Sunday, May 08, 2005

Shock to thought



One of Deleuze’s 'insights', I read, is that thought does not have its origins within itself. It is incited, set in motion, by some traumatic x, some rebuff from the Real which troubles or unseats the settled forms of the Symbolic, some movement which reverberates through thinking without being directly present therein.

That both artistic and conceptual creation issue from a ‘shock’ is a familiar notion, as Deleuze is aware. He mentions Artuad’s essays on the cinema as a “matter of neuro-physiological vibrations, and the image must produce a shock, a nerve-wave which gives rise to thought". & Eisenstein:

“Eisenstein’s argument: if it is true that thought depends on a shock which gives birth to it.” &
What Blanchot diagnoses everywhere in literature is particularly clear in cinema: on the one hand, the presence of an unthinkable in thought, which would be both its source and its barrier .
And the motif is repeated in the essay on Francis Bacon. Bacon conceives his own ‘position’ in painting as being little more than the self-consciousness of accident and chance. Accident and chance are here the very ‘outside’ of thought itself, now simply channelled, developed.

The painter makes himself the instrument of the Real. (i.e.., where the real is that which cannot be accommodated by our symbolic organisation – nor by our strategies of imaginary closure.) The Outside, the meaningless and contingent, is allowed access the canvas.

The blank canvas, says Deluze, is pre-occupied with clichés, a delimited range of Possibles inherited from the history of painting but also from the contemporary world. The incursion of chance, like a random bullet, ‘takes out’ some of these pre-existing clichés and opens up a true space for the creative act. Creation is thus dependent on some meaningless intrusion, some inert pre-symbolic detail.

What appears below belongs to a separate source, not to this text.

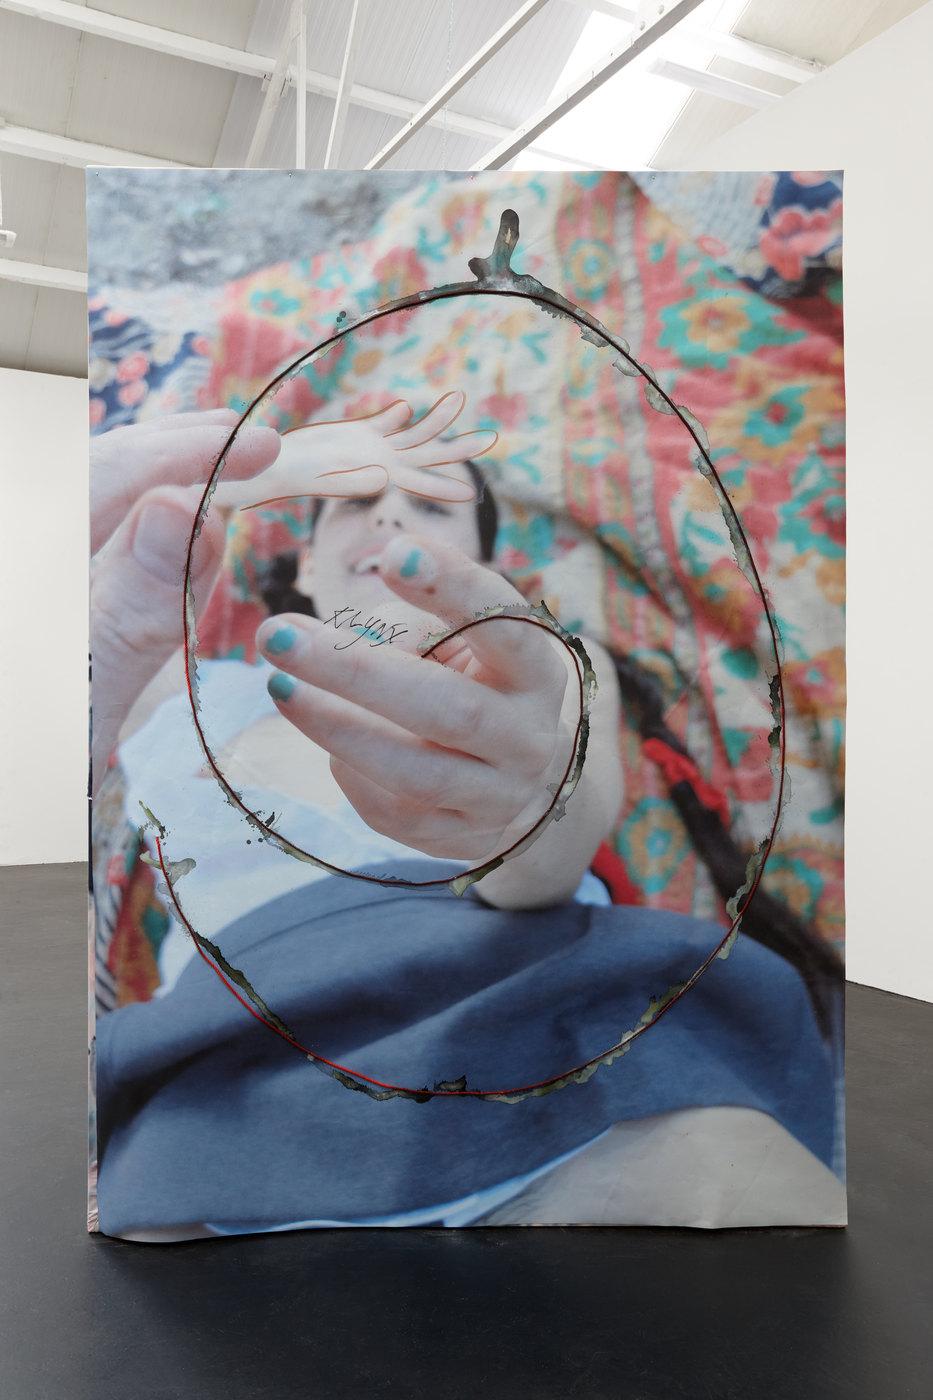 01.-Nora-Berman-Enter-me-klynx-2016-ii

The tension of opposites here: on the one hand, fixed and reified symbolic forms; on the other, a violent meaningless incursion, is also recurrent in Deleuze, no? EG:

The modern Ulysses whose perceptions are clichés and whose affections are labels, in a world of communication that has become marketing and from whom not even Cezanne or Van Gogh can escape. (What is Philosophy?, 149).
Nothing but clichés, clichés everywhere… They are these floating images, these anonymous clichés, which circulate in the external world, but which also penetrate each one of us and constitute his internal world, so that everyone possesses only psychic clichés by which he thinks and feels, is thought and is felt, being himself a cliché among others in the world which surrounds him. Physical, optical and auditory clichés and psychic clichés mutually feed on each other.

[…] In Taxi Driver Scorsese makes a catalogue of all the psychic clichés which bustle around in the driver’s head, but at the same time of the optical and sound clichés of the neon-city that he sees filing past along the streets: he himself, after his slaughter, will be the national hero of a day, attaining the state of cliché, without the event being his for all that.

But is not the ‘shock to thought’ a definitively modern idea, and one in need of further historicisation. I think there is much evidence for this, although not of course evidence that could be productively cited and explored in the pages of a weblog.

The image of the modern city in Deleuze’s example’s, above, suggest something of this. In a world thoroughly ‘humanised’, managed and pre-packaged as never before, where symbolic forms - speech and images – seem to circulate anonymously, and are inscribed in every artificial structure and surface of our metropolitan Second Nature, there is at the same time the craving and need for the pre- or non- symbolic, and for that which the Imaginary lures around us cannot begin to imagine.

This, the familiar modernist trope: Cliché, doxa and other symbolic norms on the one hand; on the other, the groping anticipation of the void, the ‘rush’ of the unprecedented, an opening in the tired fabric. And when the fabric is rent, what ‘appears’ can be the pulsions of the body, time in its pure state, or just some vertiginous absence. But one thing is always made clear; such opening can not come from within thought or imagination. Even if thought and imagination have some vague intimation of a limit, the limit can only be made known, or revised, from ‘outer space.’

In the end, then, a familiar interpretative paradox: if the (modern) notion ‘that thought does not have its origins within itself but is prompted by some exteriority’ is true, then this very notion needs to be analysed in terms of the exteriority which prompted it.

And whereas this ‘self-undoing’ quality can be dismissed by the analytically minded as a sign that we have approached the non-sensical and self-refuting, it is perhaps also an indication that we have hit on something so fundamental that it bends language into paralodox.